**SUPPLIED MATERIAL:**
━━━━━━━━━━━━━━━━

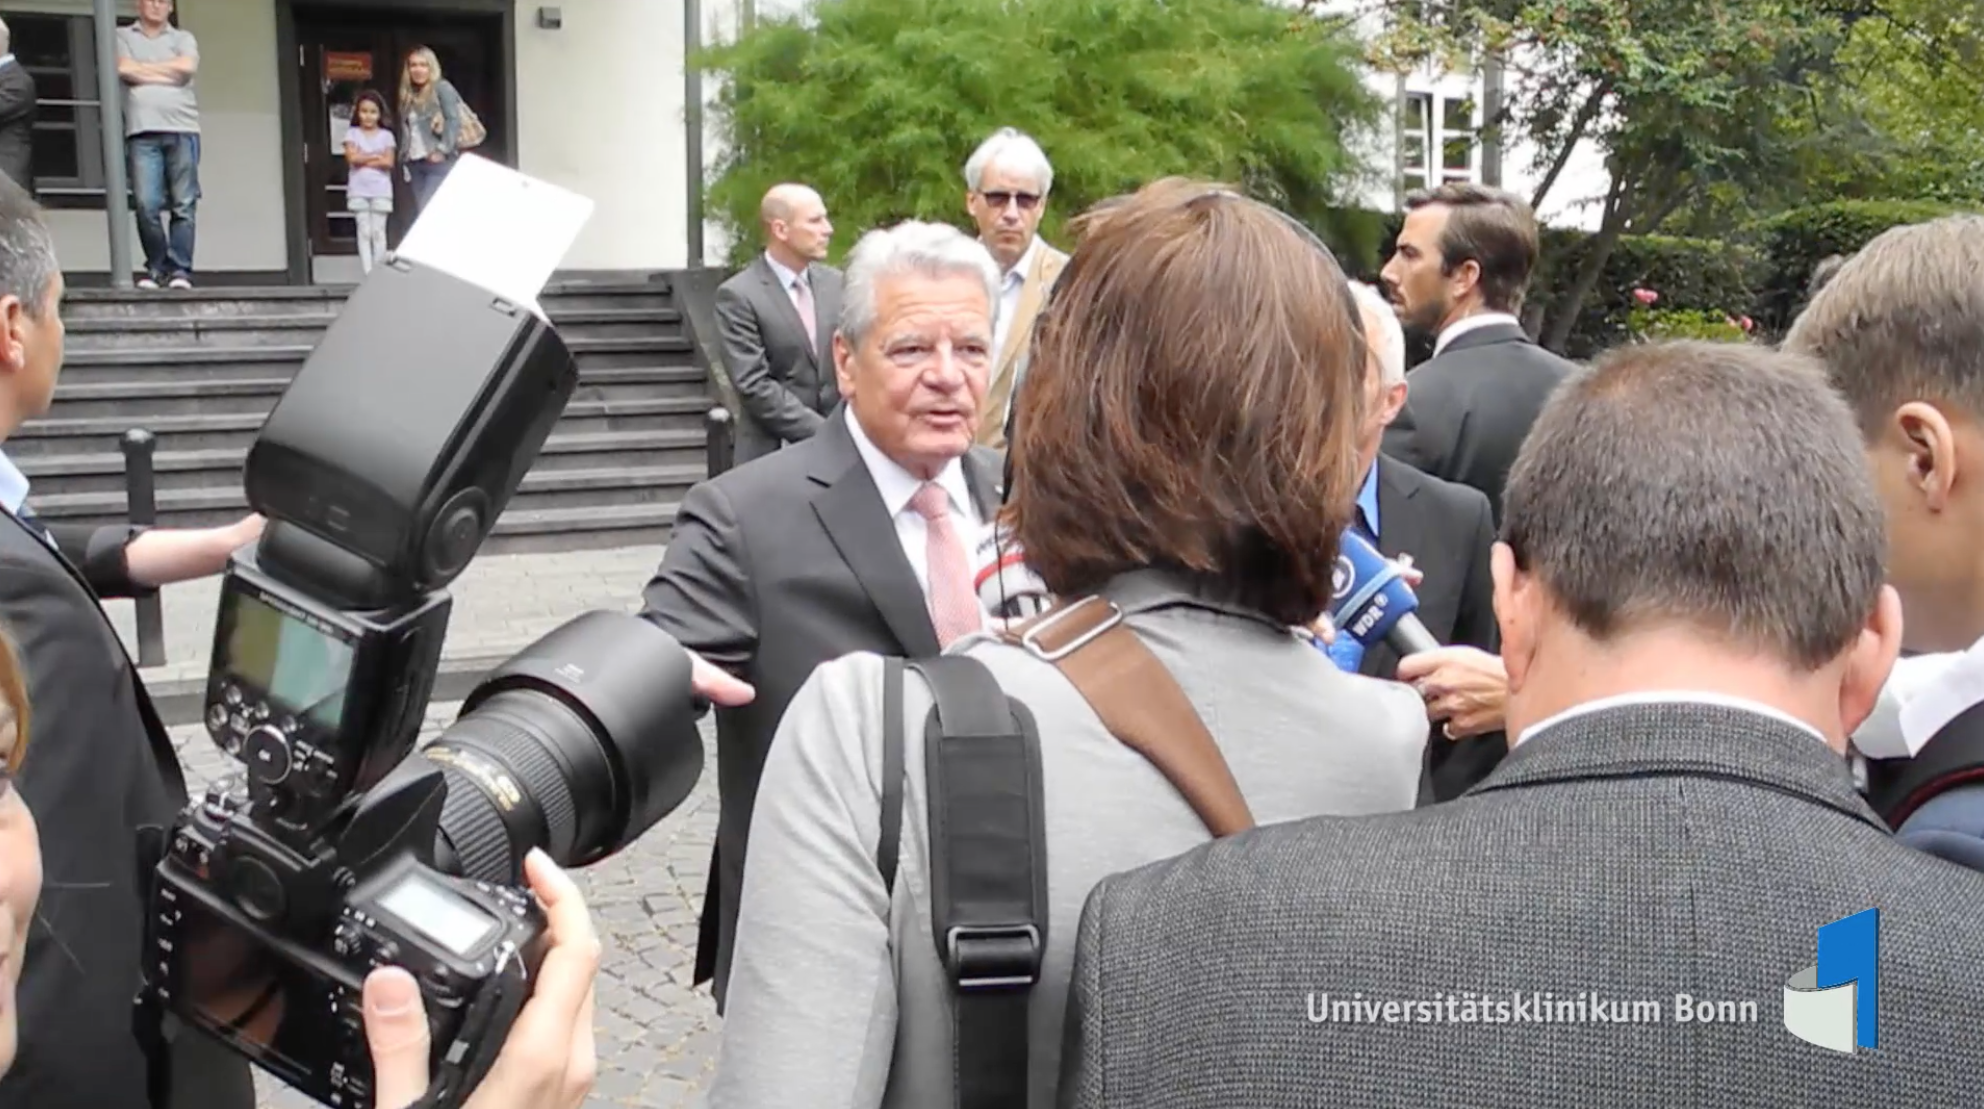 Bundespräsident Gauck besucht gemeinsam mit seiner Lebensgefährtin Daniela Schadt die Kinderklinik des Universitätsklinikums Bonn
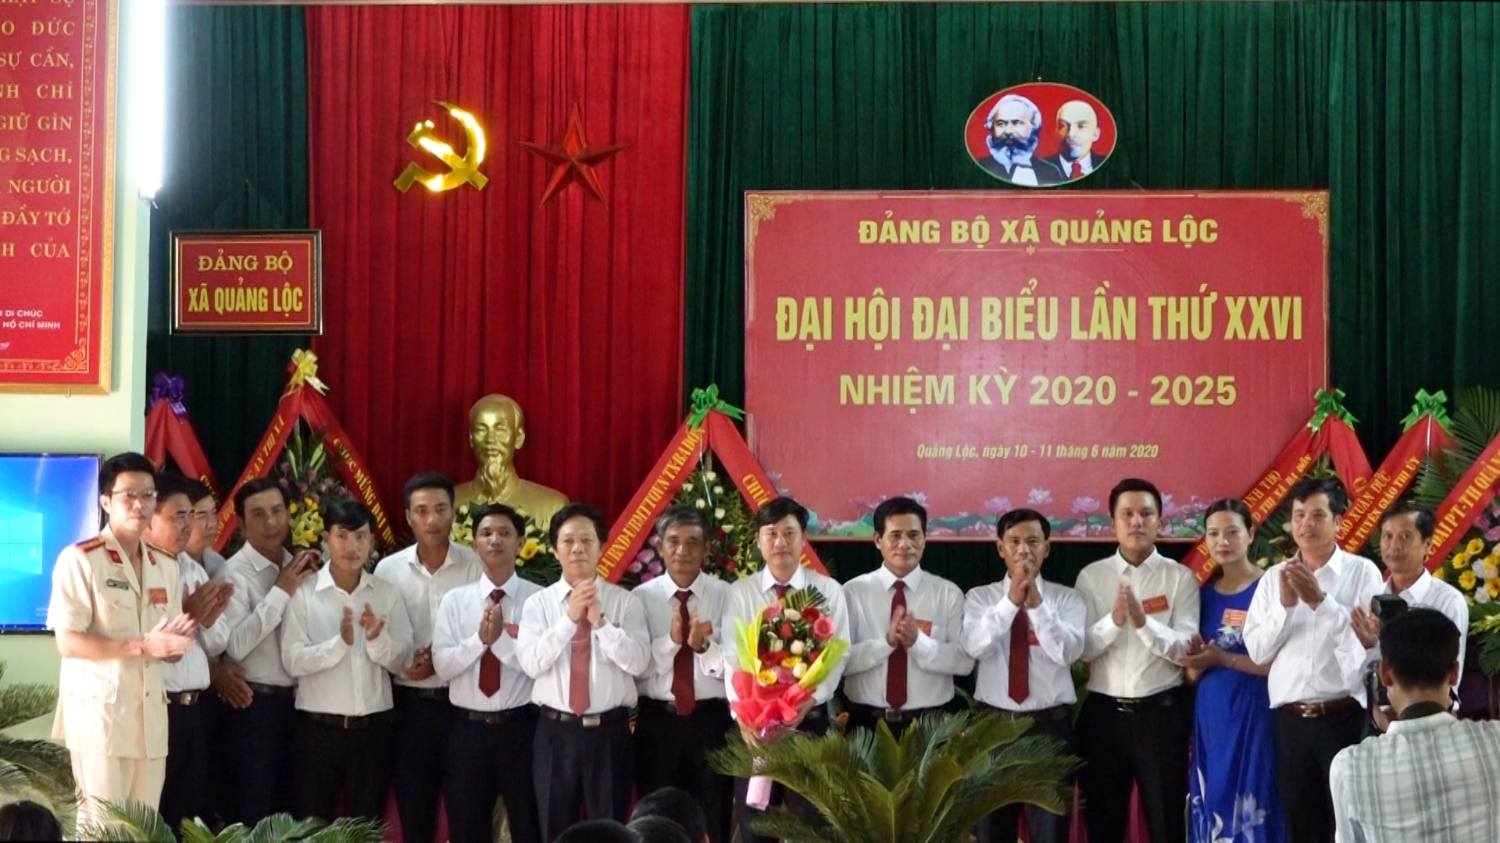 BCH Đảng bộ xã Quảng Lộc nhiệm kỳ 2020 2025 ra mắt và nhận nhiệm vụ
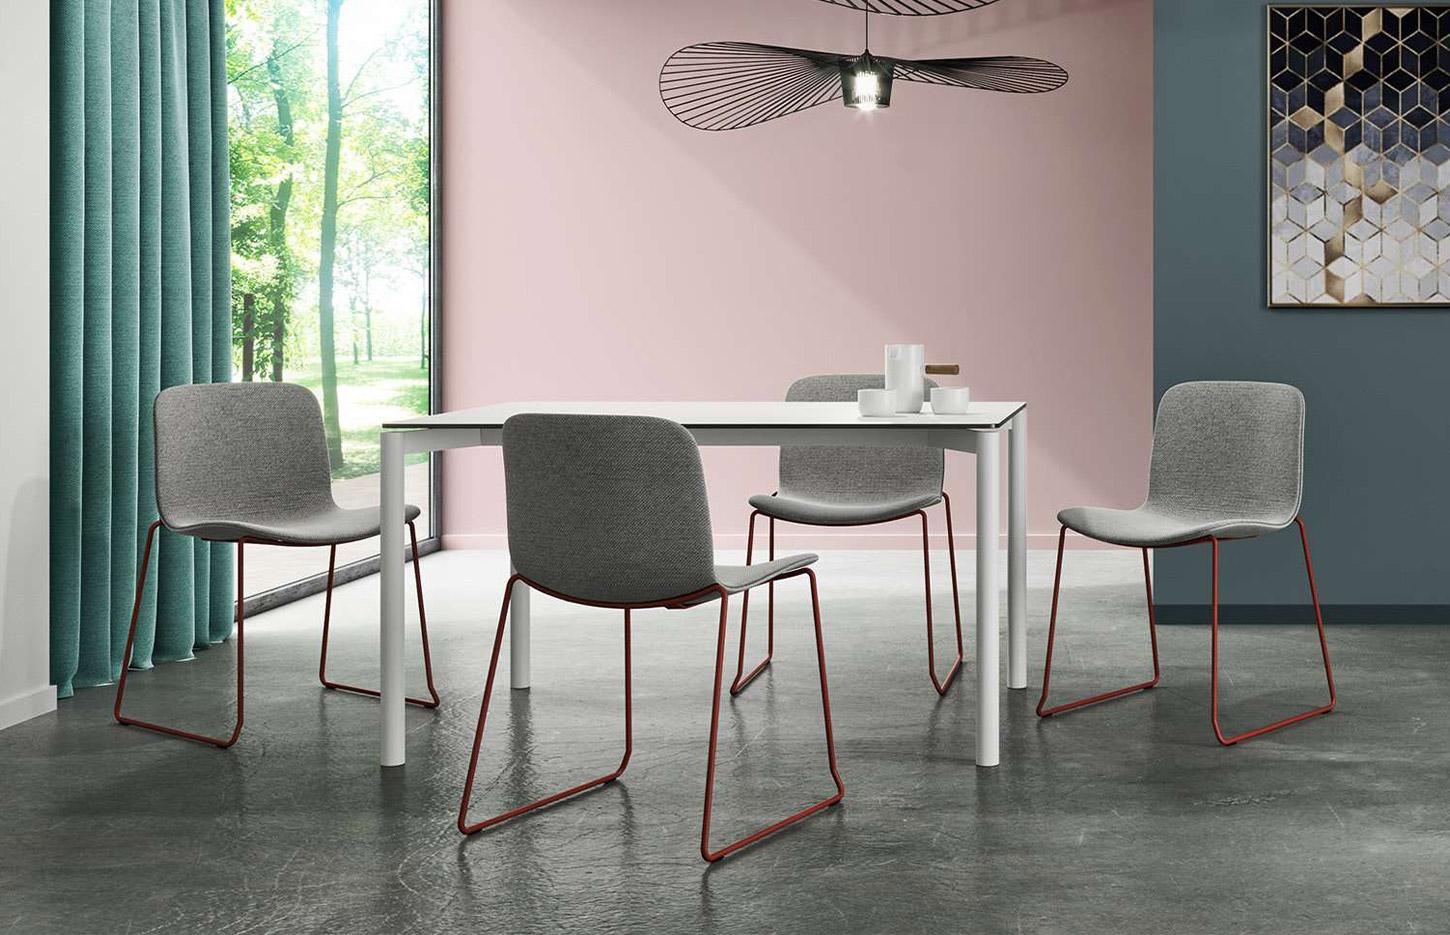 Chaise de collectivité coque polypro ou tapissée, chaise ou tabouret, gamme Yengo - France Bureau

━━━━━━━━━━━━━━━━

The entire listing above is to be copied exactly, with all pictures omitted.

**RESPONSE:**
 Bundespräsident Gauck besucht gemeinsam mit seiner Lebensgefährtin Daniela Schadt die Kinderklinik des Universitätsklinikums Bonn
 BCH Đảng bộ xã Quảng Lộc nhiệm kỳ 2020 2025 ra mắt và nhận nhiệm vụ
 Chaise de collectivité coque polypro ou tapissée, chaise ou tabouret, gamme Yengo - France Bureau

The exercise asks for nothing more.